Posted in building, SL11B

On SL11B: Groove to your groove

So, the SL11B sims are all closed to exhibitors now, and now it’s time to wait. I’ve been working on the Green Guide, and I’ve thought about it and talked about it (not releasing any information as to its content of course!) and I’m glad that it’s being met with positive feedback.

In my real life, I’m not very confrontational at all. If I see something that is stupid, unless it’s outright harmful, I tend to just live and let live. In fact there are those in my RL who suggest that maybe I “let live” a little too much. It’s not the same on the Internet, of course. On the ‘Net, if something is bullshit, I’ll call it bullshit. If something looks ridiculous, I’m likely to say it looks ridiculous. Mind I’ll say it in such a way as to be about the act and not the person: if an avatar has spindly little t-rex arms and a waistline that would be impossible to support internal organs, I’d say precisely that, I wouldn’t say the person behind the avatar’s an idiot or even wrong for having what one grouchy old elf might consider a ridiculous form. I think Lola meshtits look absurd no matter who’s wearing them, but I’m 100% behind your right to have them. You like them? Then groove to your groove, man, and wear the shit out of those. Don’t worry about what someone like me has to say about them. But welcome to life, first or second: no matter what you do, you WILL hear someone say they don’t like it.

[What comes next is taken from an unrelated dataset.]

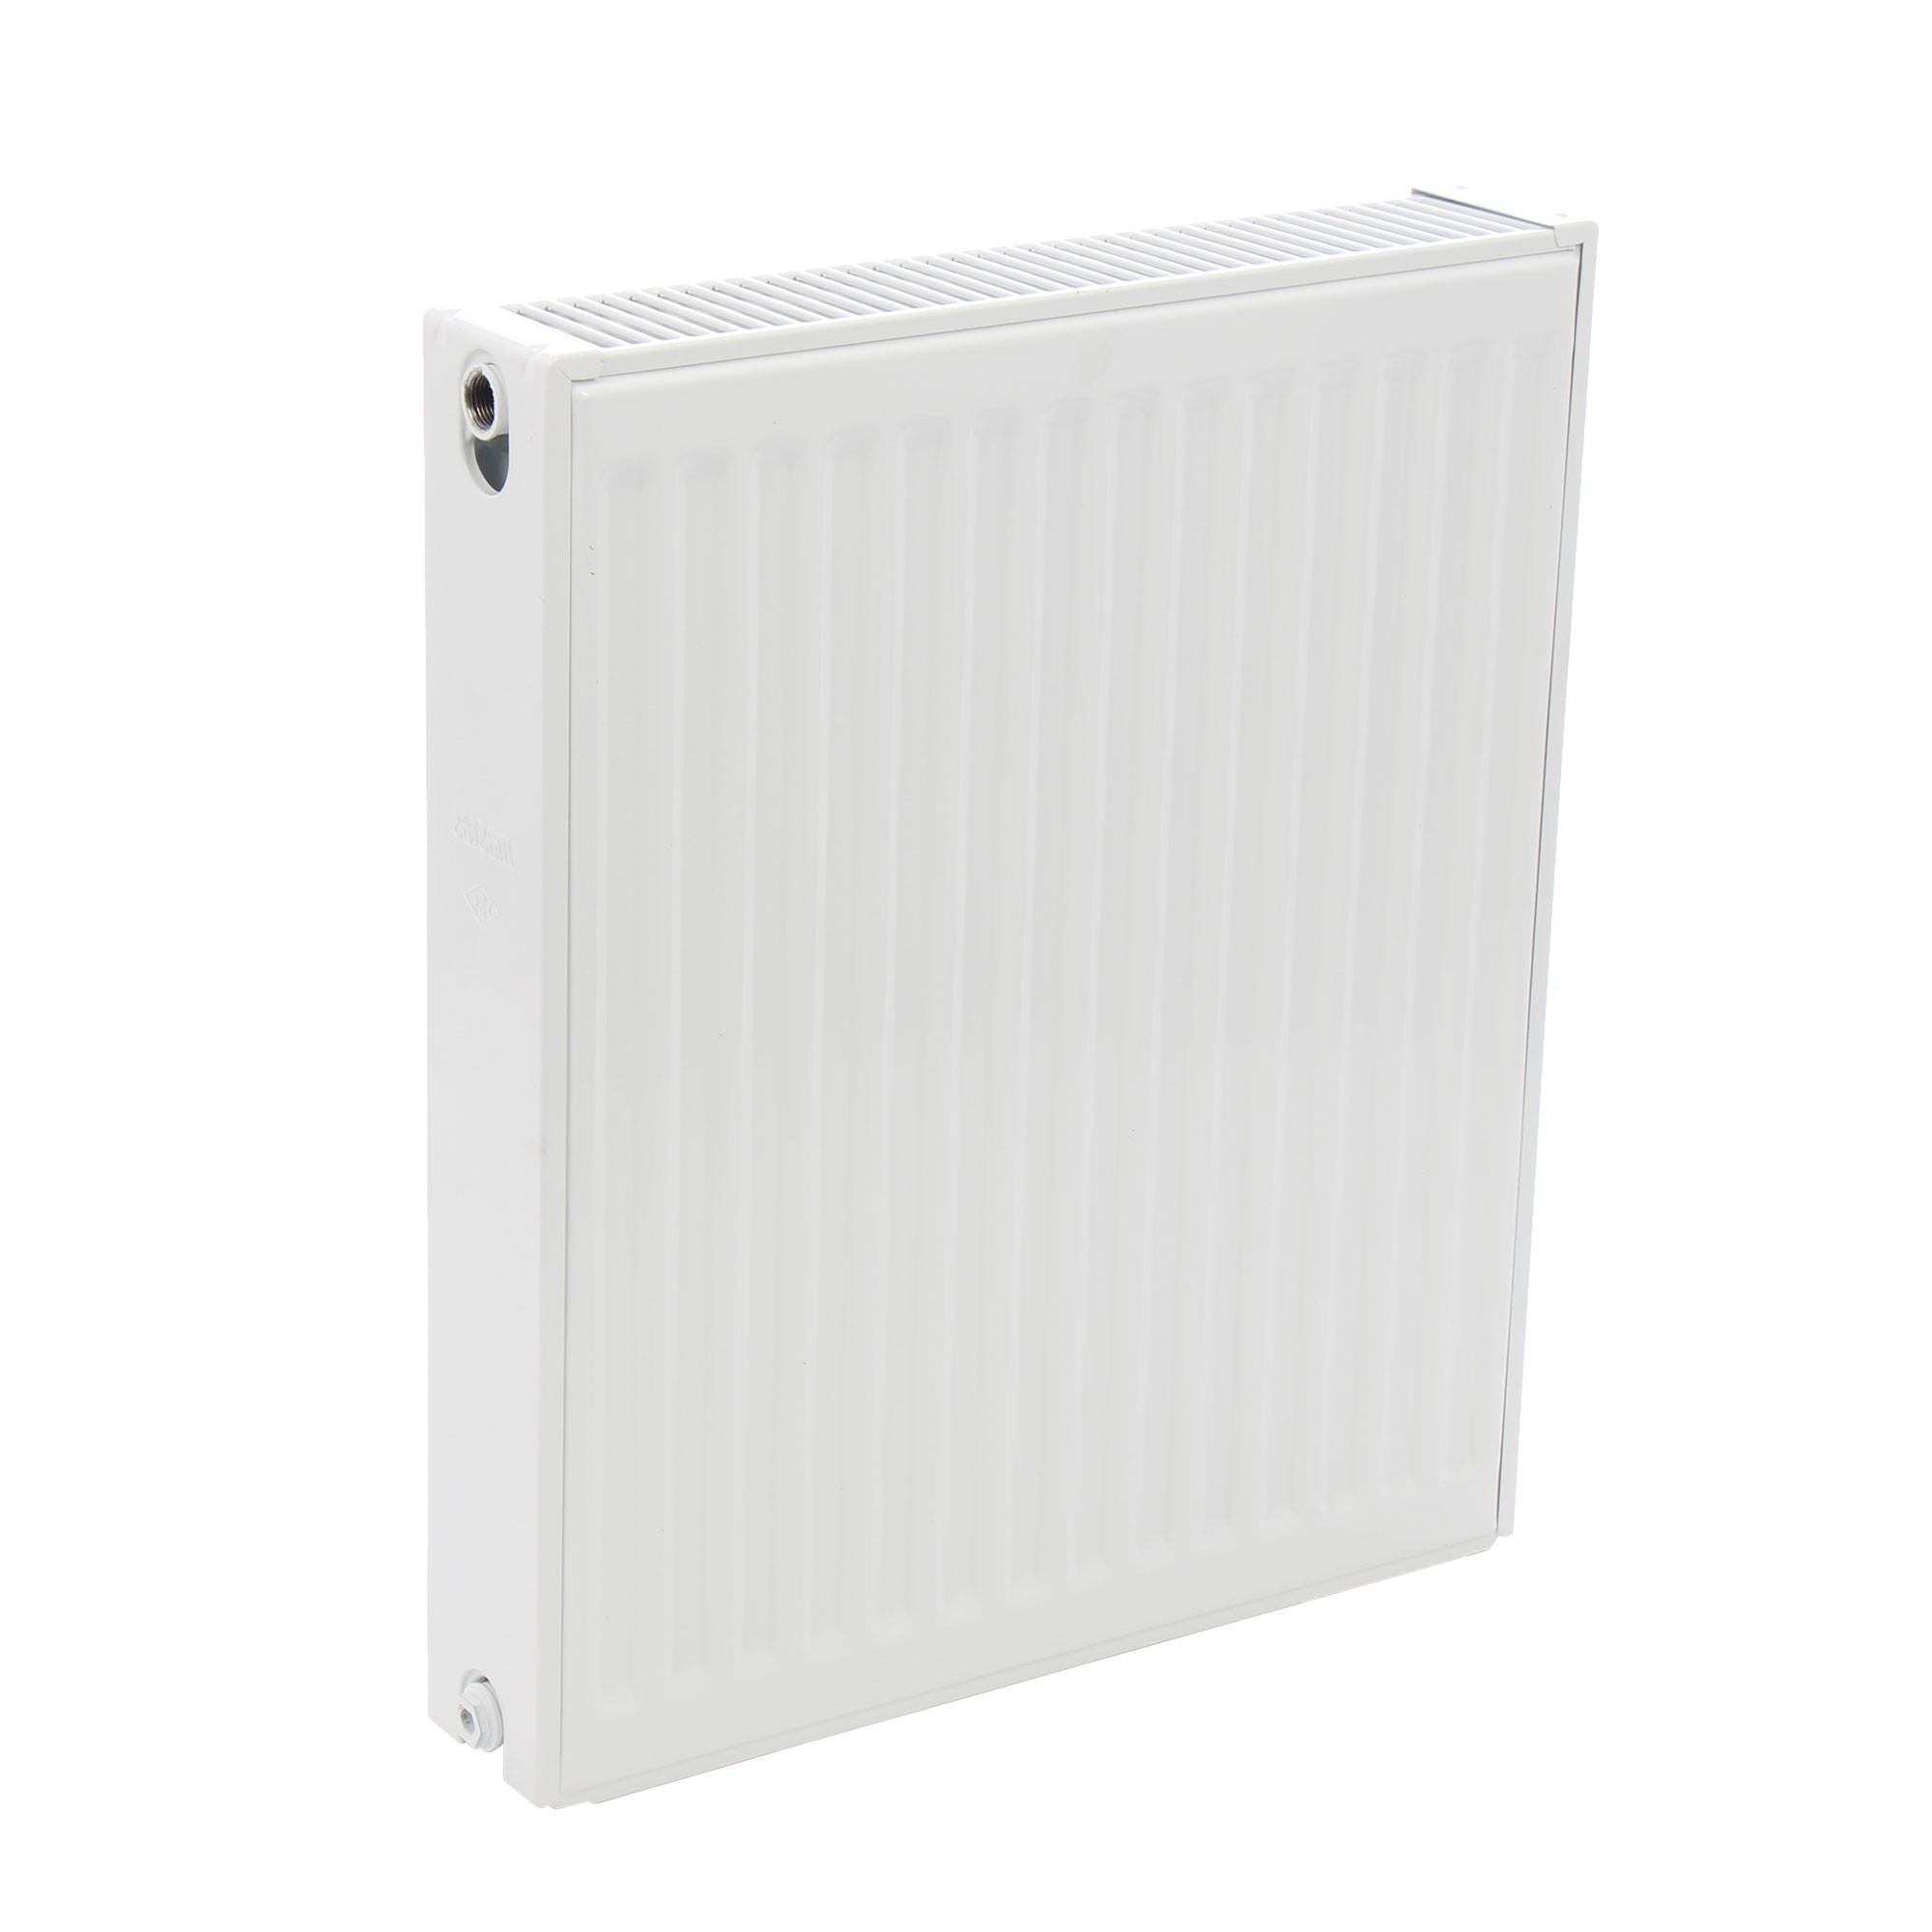 Radiator (calorifer) otel VIGO 22, 600 x 400 mm, accesorii incluse fornello imagine

That’s just an example, of course, with the Lolas. Getting back to SL11B, or any exhibition, or anything that isn’t your own sim-on-a-stick at all, really: you put it out there, you may just hear someone say they don’t like it. It may really hurt. It may make you cry. Do YOU like it? Then groove to your groove.

Now, that all having been said, I’m not releasing a list of “exhibits that missed the mark by miles at SL11B.” Though, mind you, some did. It just doesn’t seem productive of me to make a public display out of what didn’t gel with my own personal opinion. And, this Green Guide is only my opinion of what really kicked ass this year. You may say “How could you even LIKE that?” and that’s your call too.

But it’s likely that someone, not me, but someone, may say awful stuff about your work. If you can, step back and look at just how much they’re saying is really a representation of themselves, not of you. And or be hurt and cry. And then move forward, building what you like, grooving to your groove.

One last thing, regarding SL11B. If something really wows you, maybe make your own list saying so. And, tell the builder him/herself what you like about it. No harm in that.